Oh dear I hope you are Ok. He sounds horrid, please do call womensaid, on the number Blinks gave you last night - it won't show up on the phone billand they will tell you what the best course of action is.

I'm heartbroken to read what's been happening to you and your son sad

oliviasmama Sat 13-Jun-09 07:45:09

Organise things as soon as possible today, hard and quite frightening but you will feel like a weights been lifted from you within the first hour of that six hour drive.

Good luck.

Niftyblue Sat 13-Jun-09 07:49:31

How are you this morning ?

You really need to get out

Niftyblue Sat 13-Jun-09 07:49:46

How are you this morning ?

You really need to get out

AttilaTheMeerkat Sat 13-Jun-09 08:36:16

KT

I would reiterate the other advice to leave this abusive man behind along with divorcing him. I do not say this lightly at all.
You are both in danger from him.

What you have gone through to date is abusive and you are in an abusive relationship; your H regards you and your son as his property. You have been completely controlled by this man; all that he has done to date including the incessent questions, the isolating you socially and physically from family and friends - all these are controlling behaviours.

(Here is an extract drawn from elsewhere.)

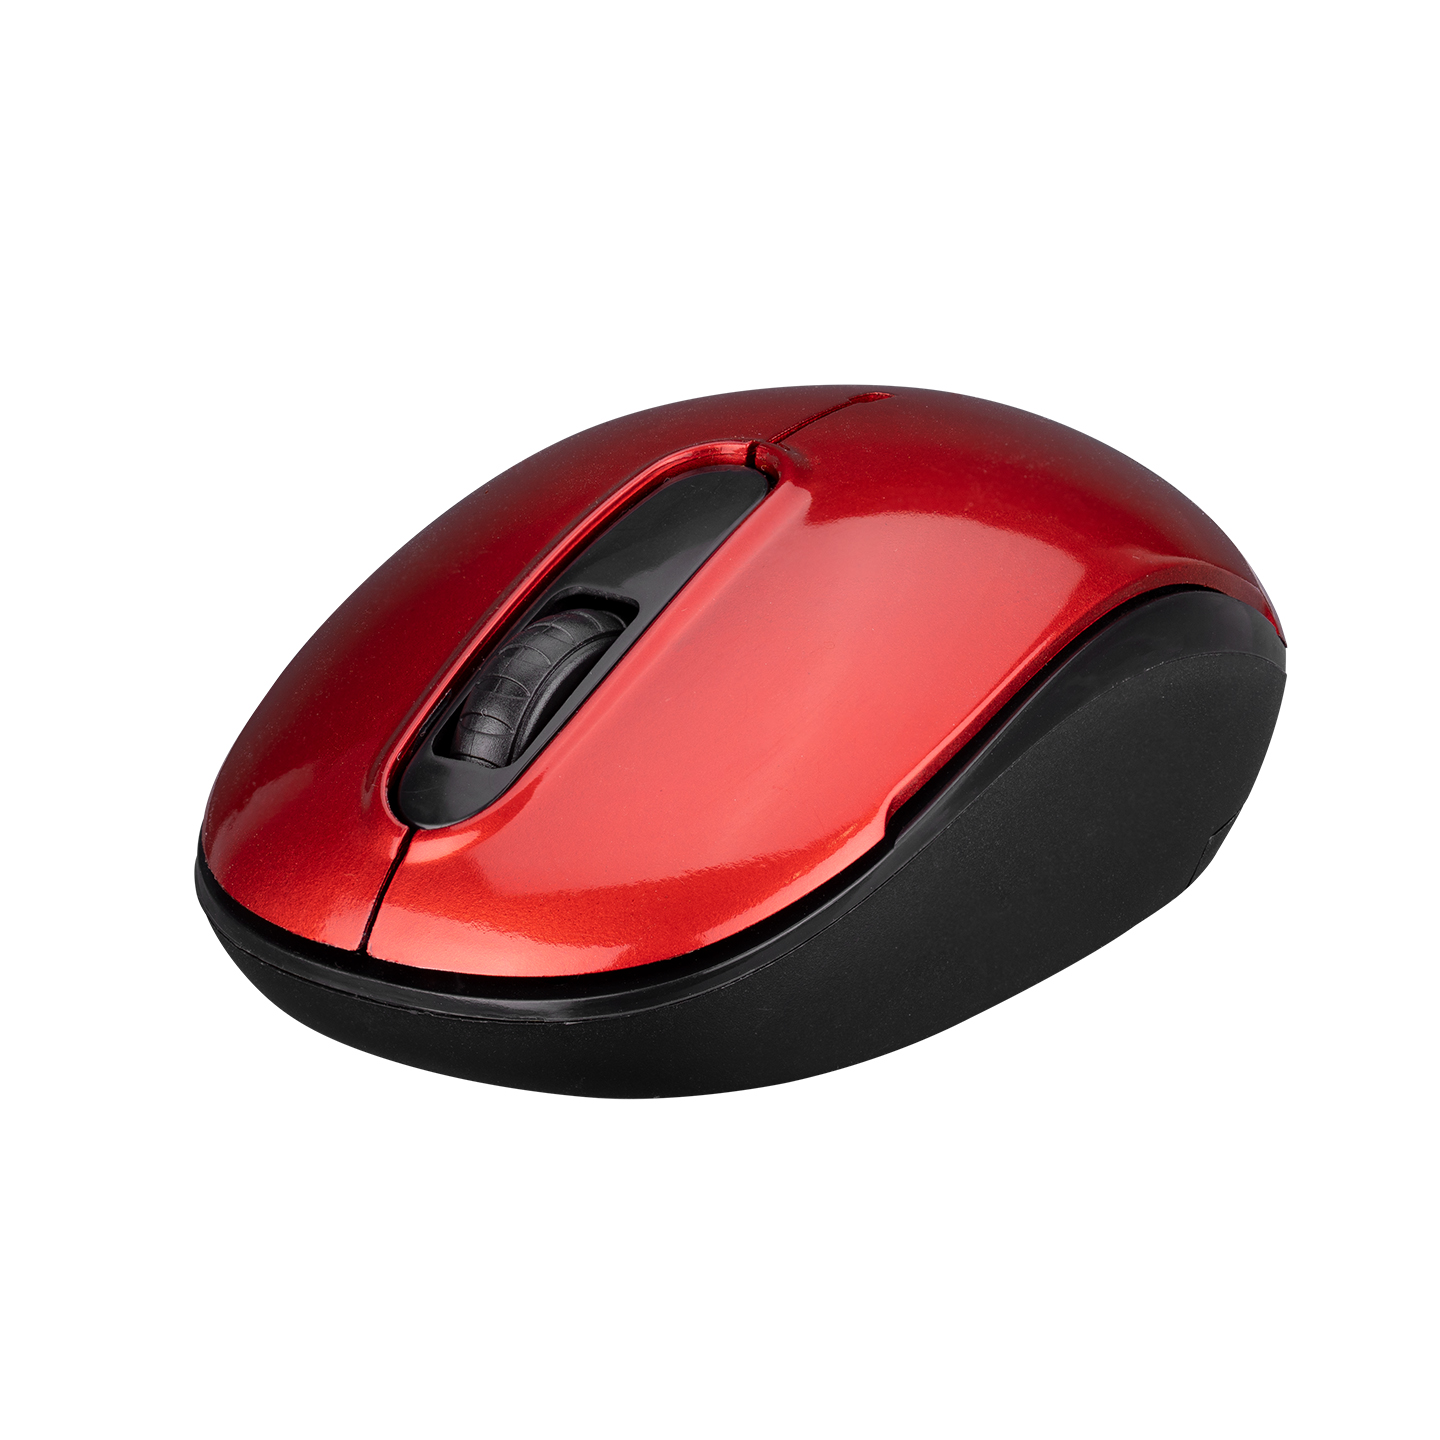 Everest SMW-666 Usb Red 2.4Ghz Optical Wireless Mouse

Call your Dad - both you and your son need to go and stay with him asap. You can find another job and make a better life for both of you.

You cannot expose your son to all this any longer; it will damage him emotionally and you have been ground down by him. Please call WA as well - they can help you.

This H of yours will not change; he feels he has done nothing wrong in controlling you and the level of control he has displayed has escalated over time. He is a very dangerous man.